Donald Trump anda muito ocupado nos últimos dias. Enquanto luta com força e determinação para tornar a América grande novamente, é obrigado a lutar em diferentes fronts contra as forças sinistras que estão empenhadas em sabotá-lo e em evitar, dessa forma, que a América se torne grande.

À frente dessas forças malignas estão os meios de comunicação que, por razões desconhecidas, estão profunda e irracionalmente desgostosos com o presidente. Os canais de TV, conhecidos por suas inclinações de extrema esquerda, como a CNN, o estão bombardeando com uma avalanche de insultos e notícias falsas.

Recentemente, essa campanha da mídia alcançou novos e inauditos níveis de violência ao se utilizar dos serviços dos Correios dos EUA para enviar bombas a políticos, empresários e até mesmo celebridades de Hollywood. É verdade que esses ataques covardes foram todos dirigidos contra críticos do Sr. Trump, mas isso é claramente parte de um plano astuto para desacreditá-lo no período que antecede as eleições de meio de mandato.

O escândalo saudita

Depois, há o chamado caso Khashoggi, que causou tanto barulho na mídia. ?Como o homem era ele próprio um jornalista, isso dificilmente pode surpreender.? A mídia automaticamente chegou à conclusão de que ele havia sido assassinado por ordens do Príncipe Herdeiro saudita, aliado de confiança dos EUA e amigo pessoal de seu presidente.

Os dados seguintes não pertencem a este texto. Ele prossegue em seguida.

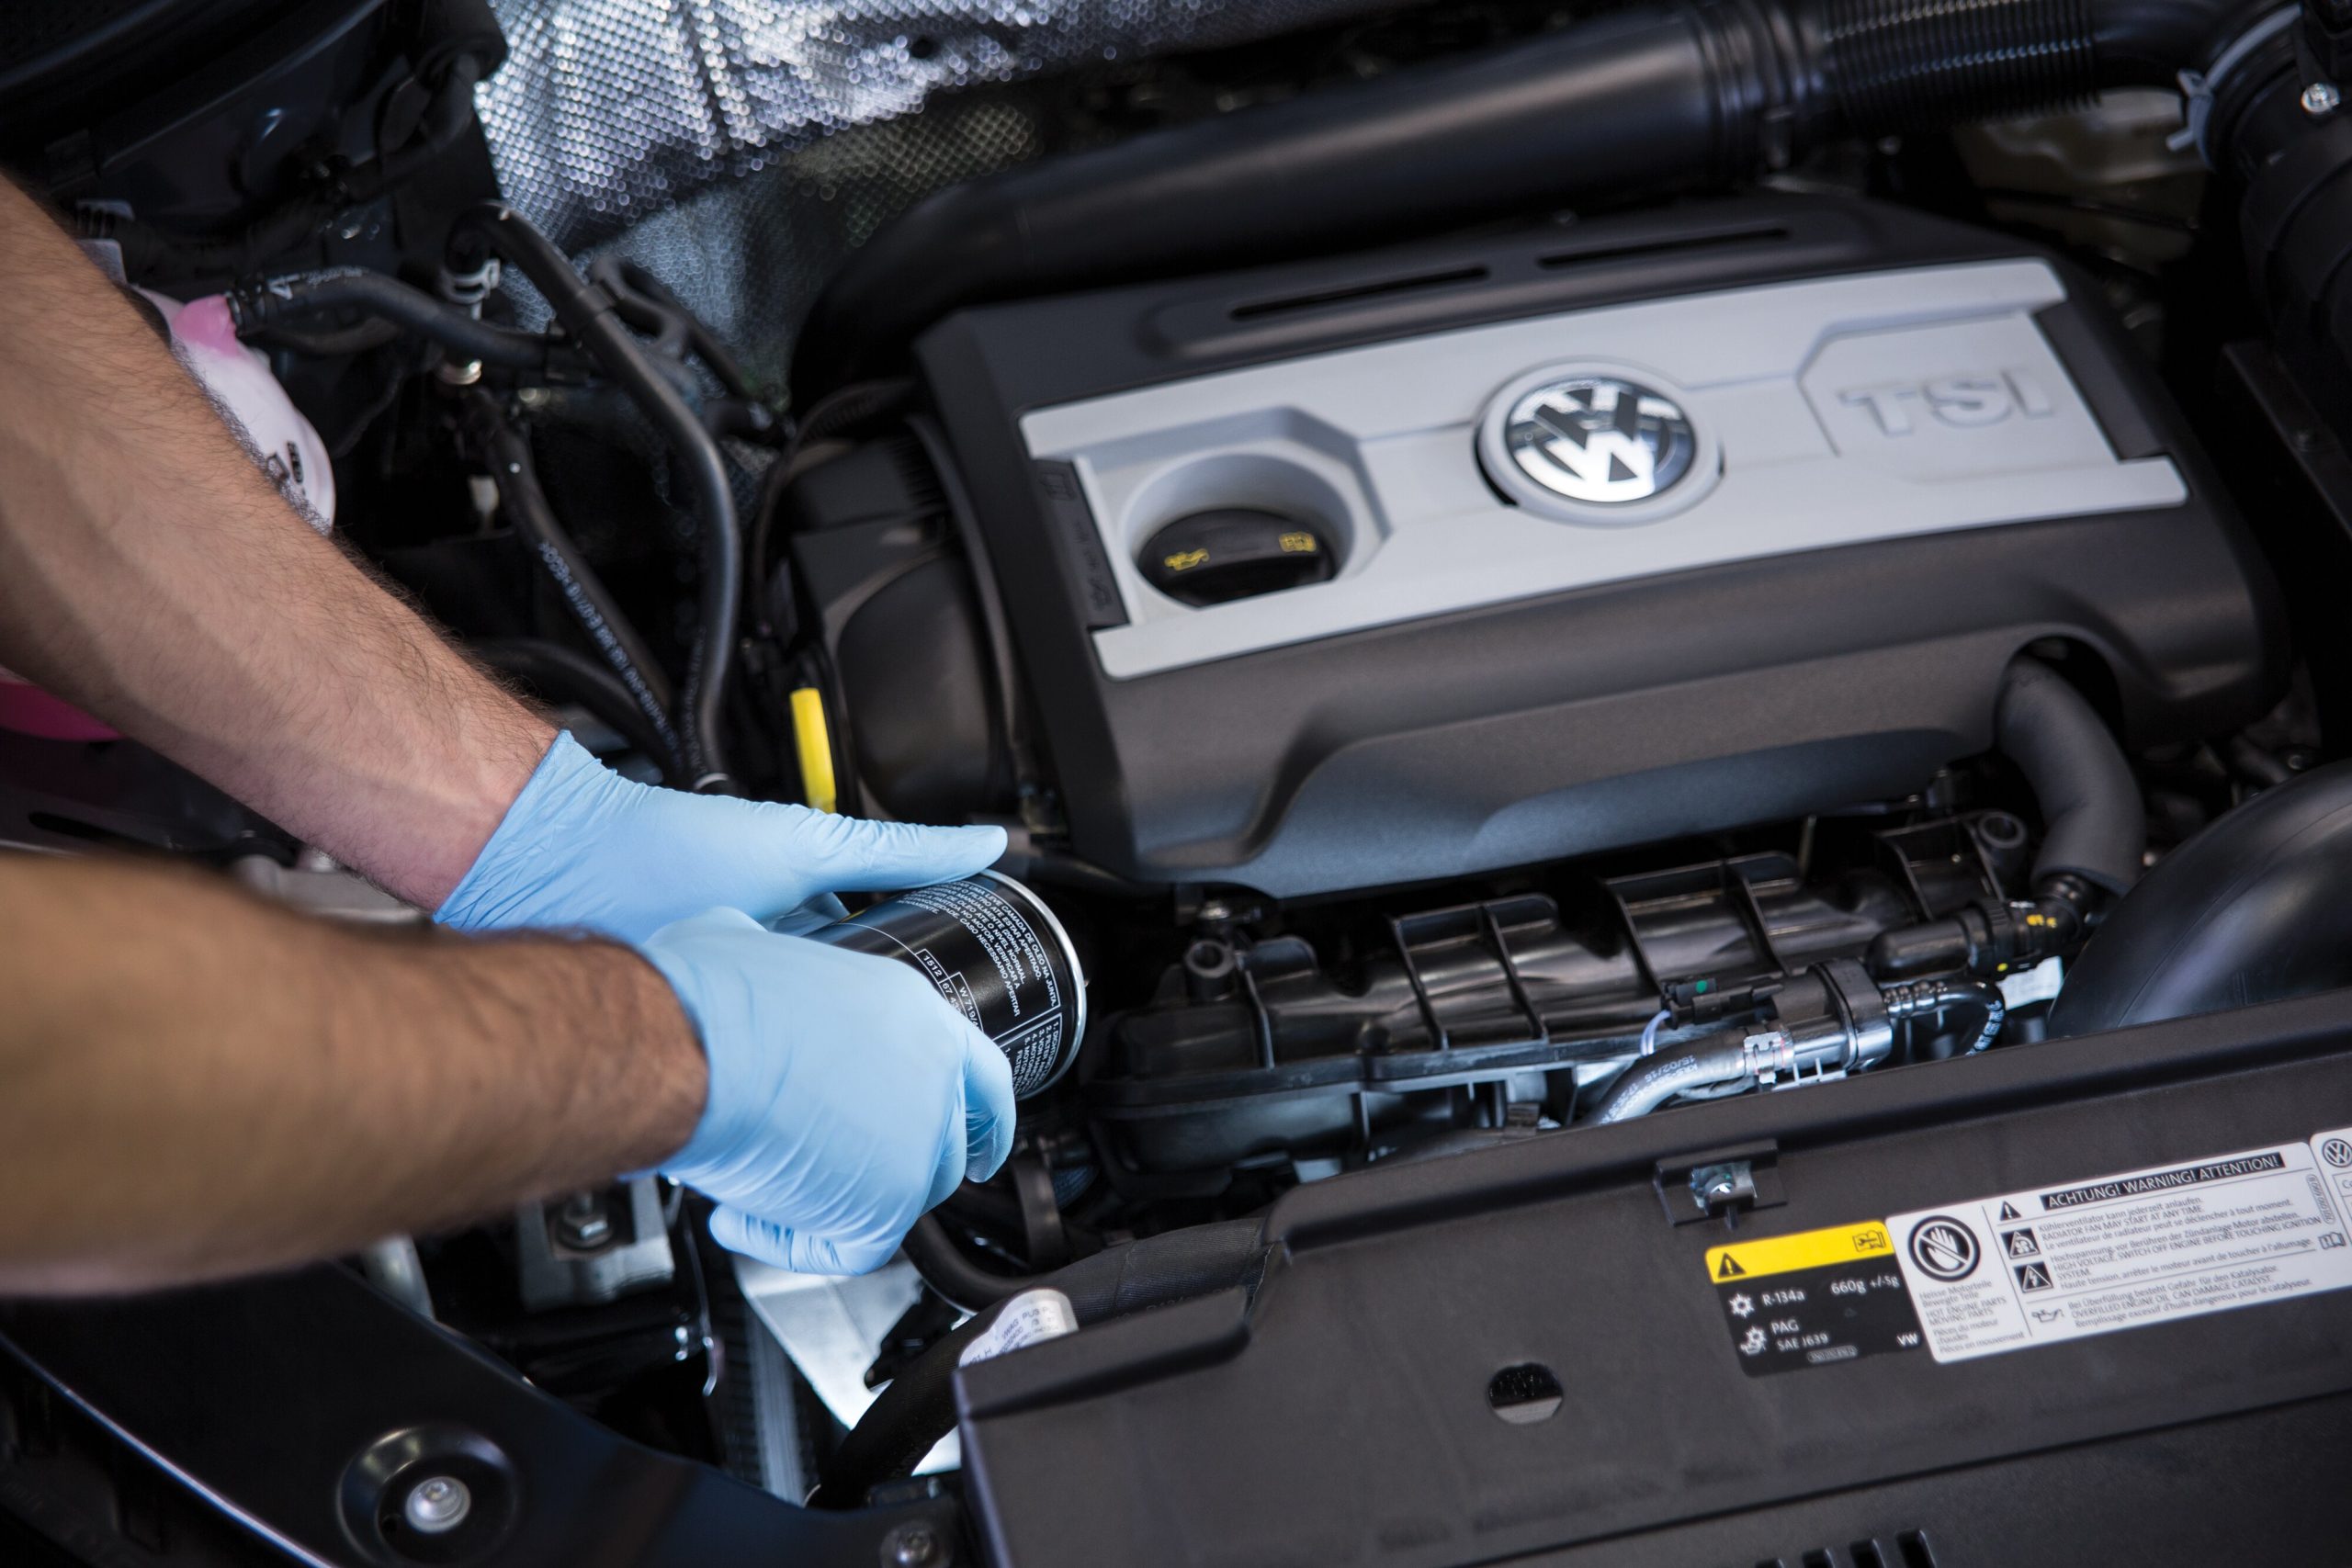 Volkswagen Service Center – Offering Convenience, Quality, and Benefits for Your Car

Dentro de um autêntico estilo presidencial, o Sr. Trump manteve um ar de elevada objetividade, em contraste com a histeria da imprensa. Expressou plena confiança na capacidade dos sauditas de realizar uma investigação completa e imparcial dos fatos e de nos proporcionar a versão real do que aconteceu.

A verdade é que o Sr. Khashoggi, em campanha contra o regime saudita em geral e contra Mohammed bin Salman em particular, foi à embaixada saudita em Istambul e, deliberadamente, torturou a si mesmo até a morte em uma tentativa descarada de desacreditar o Príncipe Herdeiro.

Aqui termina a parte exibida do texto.